- [RECORDS FOR THIS EXERCISE]:

:::

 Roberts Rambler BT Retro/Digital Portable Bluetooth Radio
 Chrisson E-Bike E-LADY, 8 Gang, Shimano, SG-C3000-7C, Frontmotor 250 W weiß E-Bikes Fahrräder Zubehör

:::

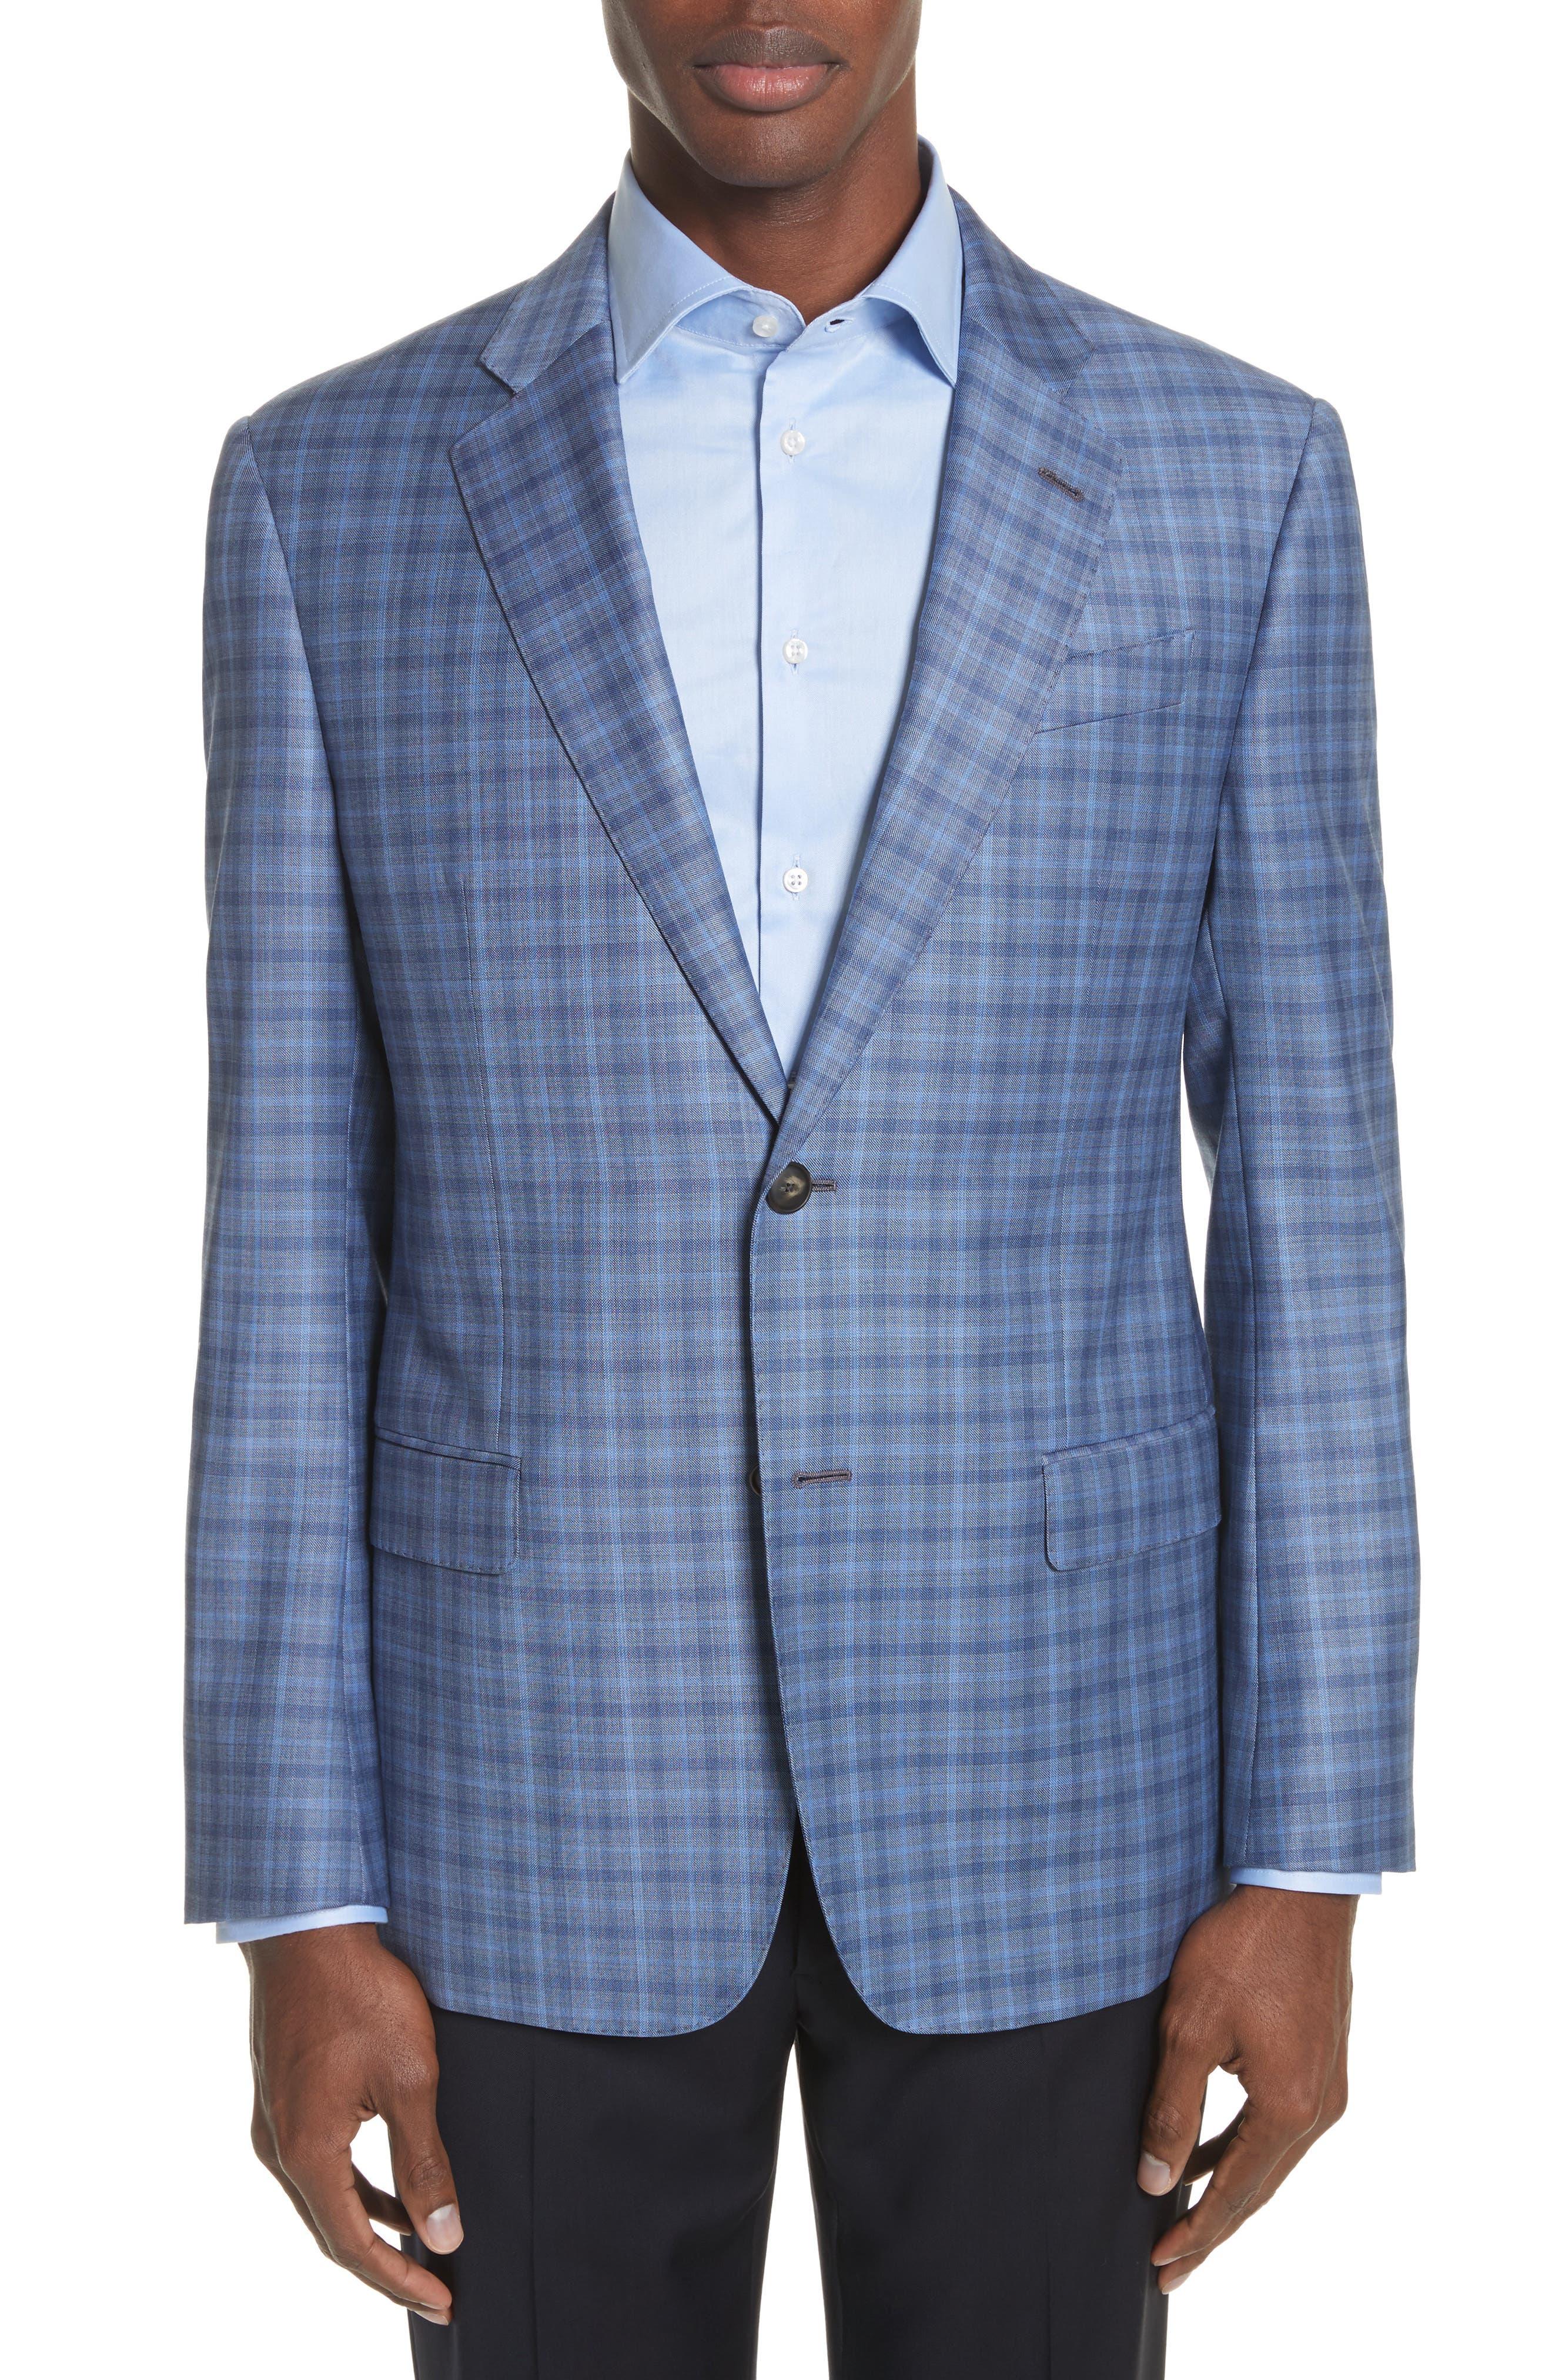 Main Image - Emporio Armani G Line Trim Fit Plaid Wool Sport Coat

:::

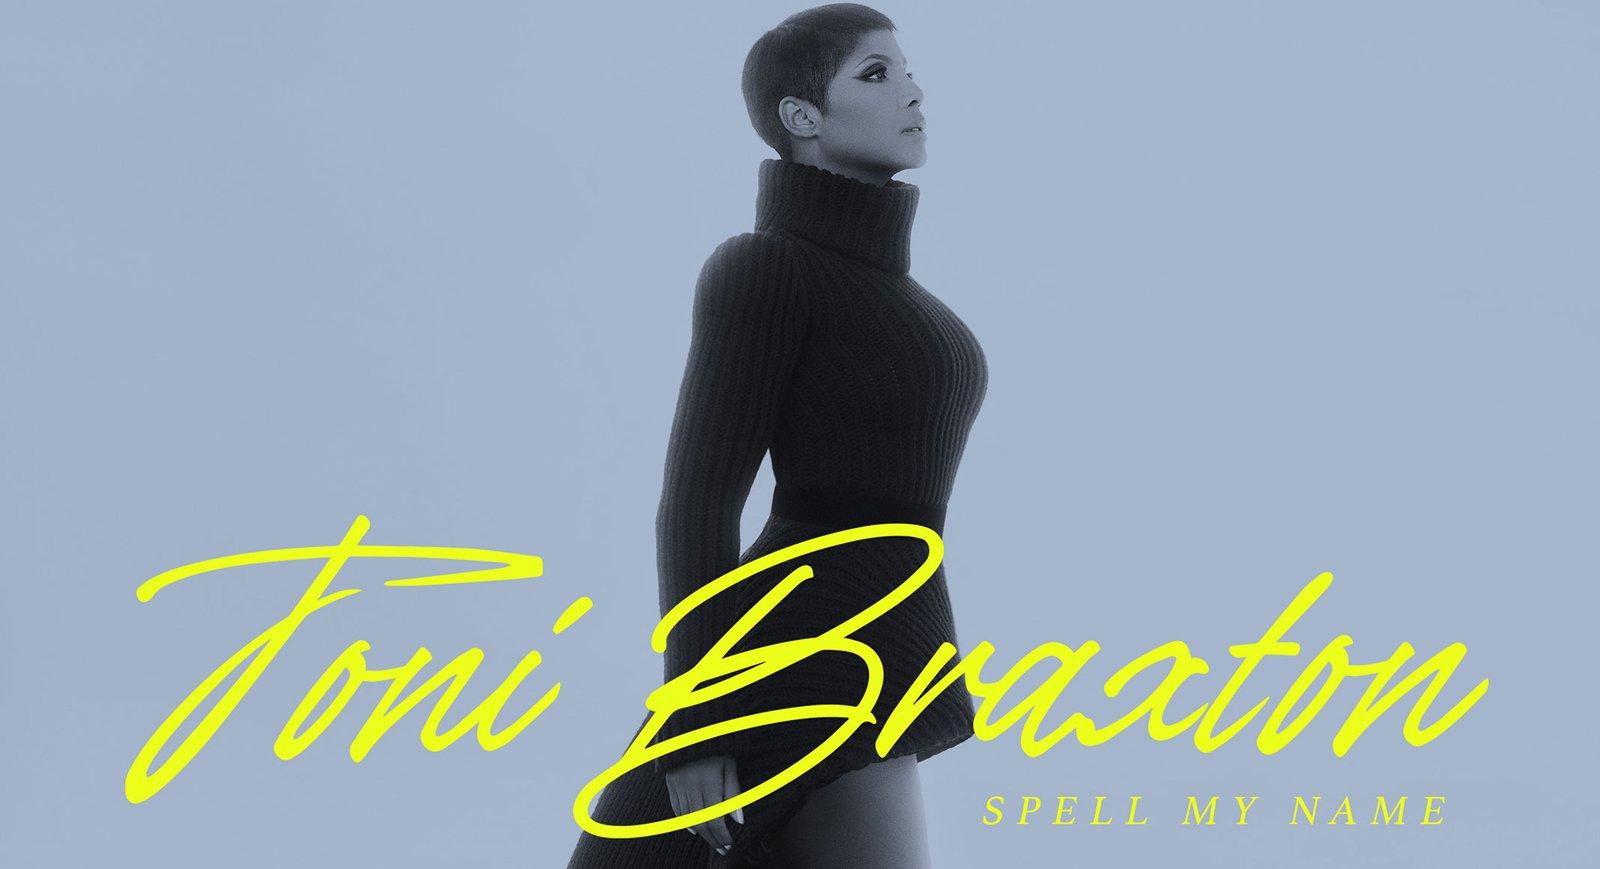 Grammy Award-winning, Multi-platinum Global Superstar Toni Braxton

:::

- [DIRECTIONS]:
From the line containing "Roberts Rambler BT" down to the line containing "Chrisson E-Bike E-LADY, 8" in the material above, reproduce every line exactly, including the two end lines.

- [RESPONSE AREA]:
 Roberts Rambler BT Retro/Digital Portable Bluetooth Radio
 Chrisson E-Bike E-LADY, 8 Gang, Shimano, SG-C3000-7C, Frontmotor 250 W weiß E-Bikes Fahrräder Zubehör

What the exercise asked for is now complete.